Friday, September 24, 2010

Friday photo

Ravens raiding snowmobiles, Yellowstone National Park. January 2001.

Ravens are smart, and one is tempted to say they may be smarter than people. Or at least smarter than snowmobilers, which any Yellowstone XC skier will tell you sets the bar somewhat lower. In any event, the snowmobilers who come into Old Faithful during the winter have a difficult task protecting their lunches from the ravens. If you think keeping your backpack zipped is sufficient, you're likely to go hungry on the way home. Carefully fastened buckles can slow them down, but not for long: they've figured out how to open those, too.

Think about that achievement for a moment. How many dogs or cats, with careful training, do you suppose could learn to unfasten a buckle? Not many, if any, I would venture. Ravens, on the other hand, can work it out on their own.

How clever are ravens? In his wonderful book Mind of the Raven, the biologist Bernd Heinrich describes an experiment he conducted. What he did was this: he attached a piece of food to the end of a string, a little over two feet long, and hung it from a horizontal bar. The raven could stand on the bar, but couldn't reach the food from any available perch. By using a piece of hard salami, Heinrich also guaranteed that the bird could not tear off a piece while in flight. His problem was to figure out how to get the food within reach of his bill.

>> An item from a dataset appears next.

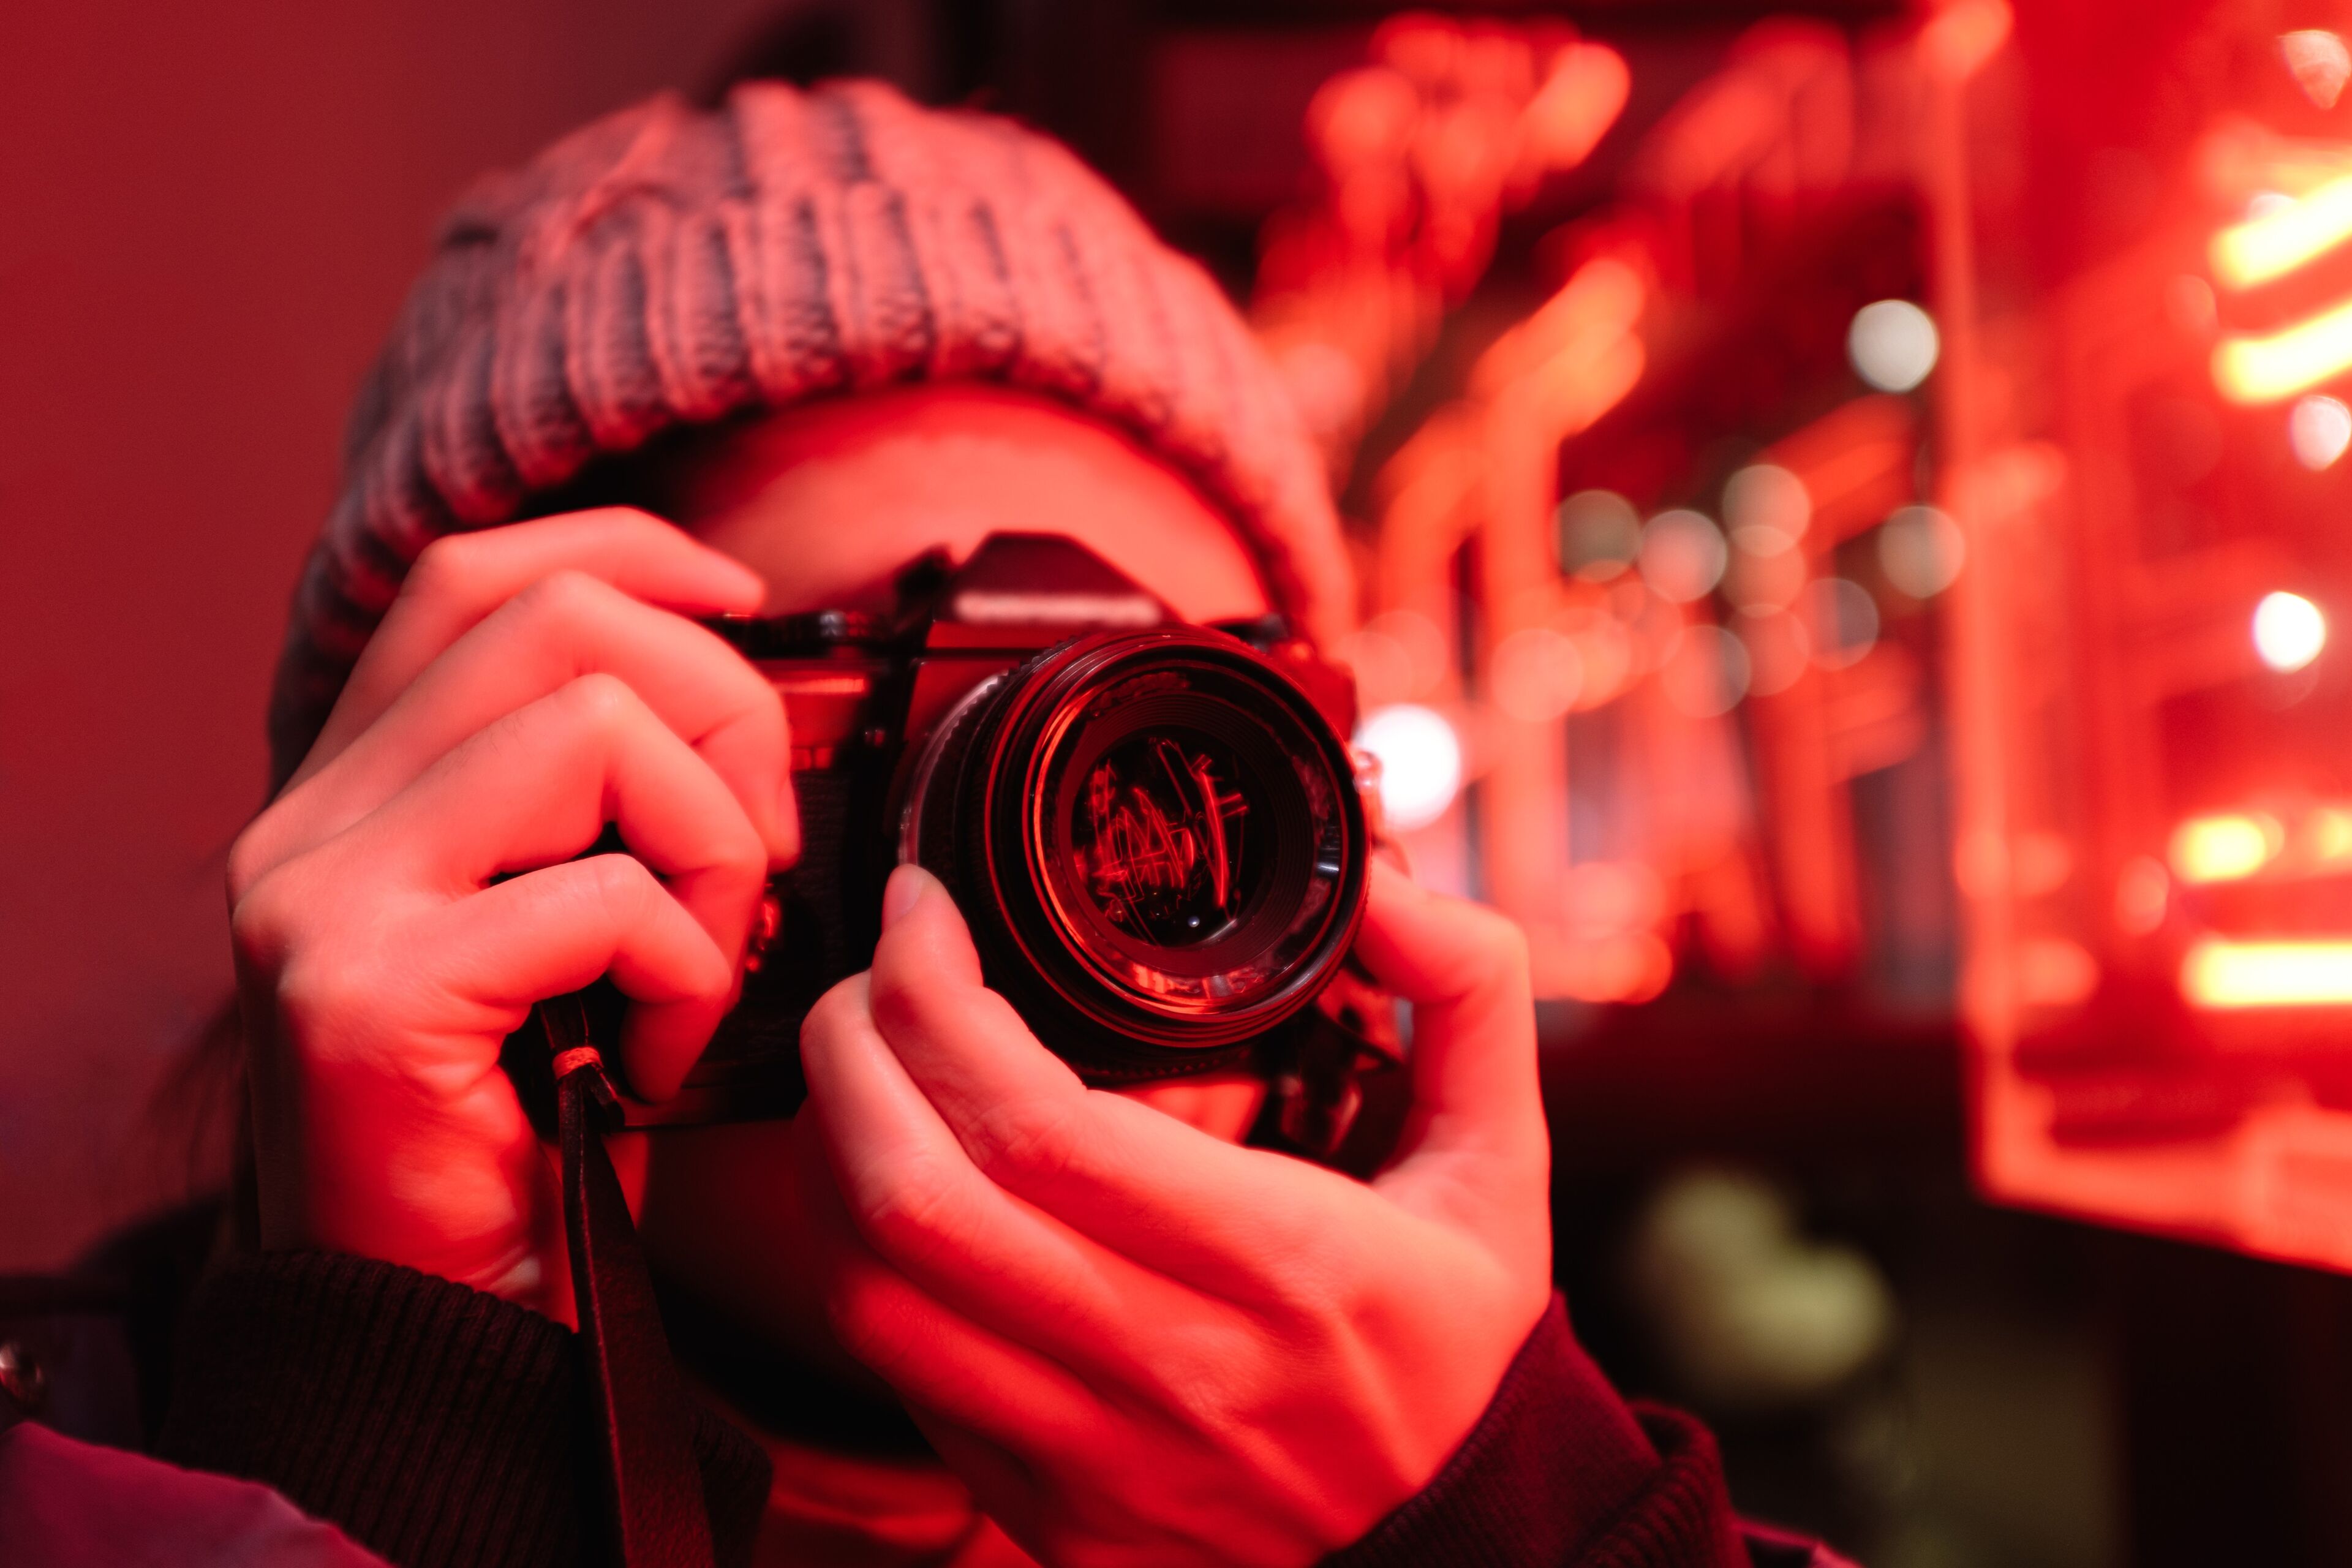 Una persona amb un barret de punt està fent una foto amb una càmera DSLR, il·luminada per una llum de neó vermell vibrant.

The only way to succeed was for the bird to reach down below the perch, grab the string and raise it above the perch, then -- and here's where it gets particularly tricky -- pin this loop of string against the perch with his foot, release the loop from his bill, reach down, and repeat the procedure until the morsel came into reach. Could a raven figure all that out?

The first day, they struggled some with the string and quickly gave up. The next day Heinrich put out the food again, in the same arrangement, and the first raven that tried it performed the entire procedure on his first attempt. It was no fluke:the raven had figured it all out and could repeat it every time thereafter. Other ravens got it right the first time, and the initial failure seems to have owed more to the birds being spooked by a weird and unfamiliar arrangement than with being stumped over what to do with it.

Once a biologist has some success with an experiment, he's likely to create many variations on the theme and Heinrich did exactly that. He put up two strings, one holding food and the other suspending a rock; that didn't take long to figure out. Then he crossed the strings: to get the food, a bird would have to stand over the rock and pull the nearest string. They could figure this out, too, but they it always gave them trouble: most of them would test the string above the food, see the rock jiggle, and then move to the other string. Heinrich, perhaps surprisingly, takes this as evidence that they were thinking and not just responding to positive conditioning: "[C]onsciousness of what they thought they knew* took precedence over trial-and-error learning, which was glacially slow even for this one extremely simple task."

It's a bold claim, because what Heinrich is saying is that the ravens weren't plucking the first string just out of habit; they plucked it because they had a mental concept of how the game worked and they had a hard time letting go of it - otherwise, they'd have learned the new system much easier.

To test this hypothesis, Heinrich next placed a rock on a familiar piece of string, and hung the food from a brand-new string, one of a different color, thickness, or texture than the birds had seen before. Had they been conditioned like mice pressing a button to get a reward, the ravens would have tested the most familiar string first; but that's not what happened. Instead, they always went for the novel string attached to the food and ignored the familiar-looking string. The fact that the old string was associated with past success did not impress them as you might think. This time, their mental concepts were leading them to the correct solution.

Clever birds. Clever experimenter, too, and a good writer. I highly recommend Heinrich's books ( Mind of the Raven and Ravens in Winter).

* These were birds who had already solved the one-string problem, in case that wasn't clear.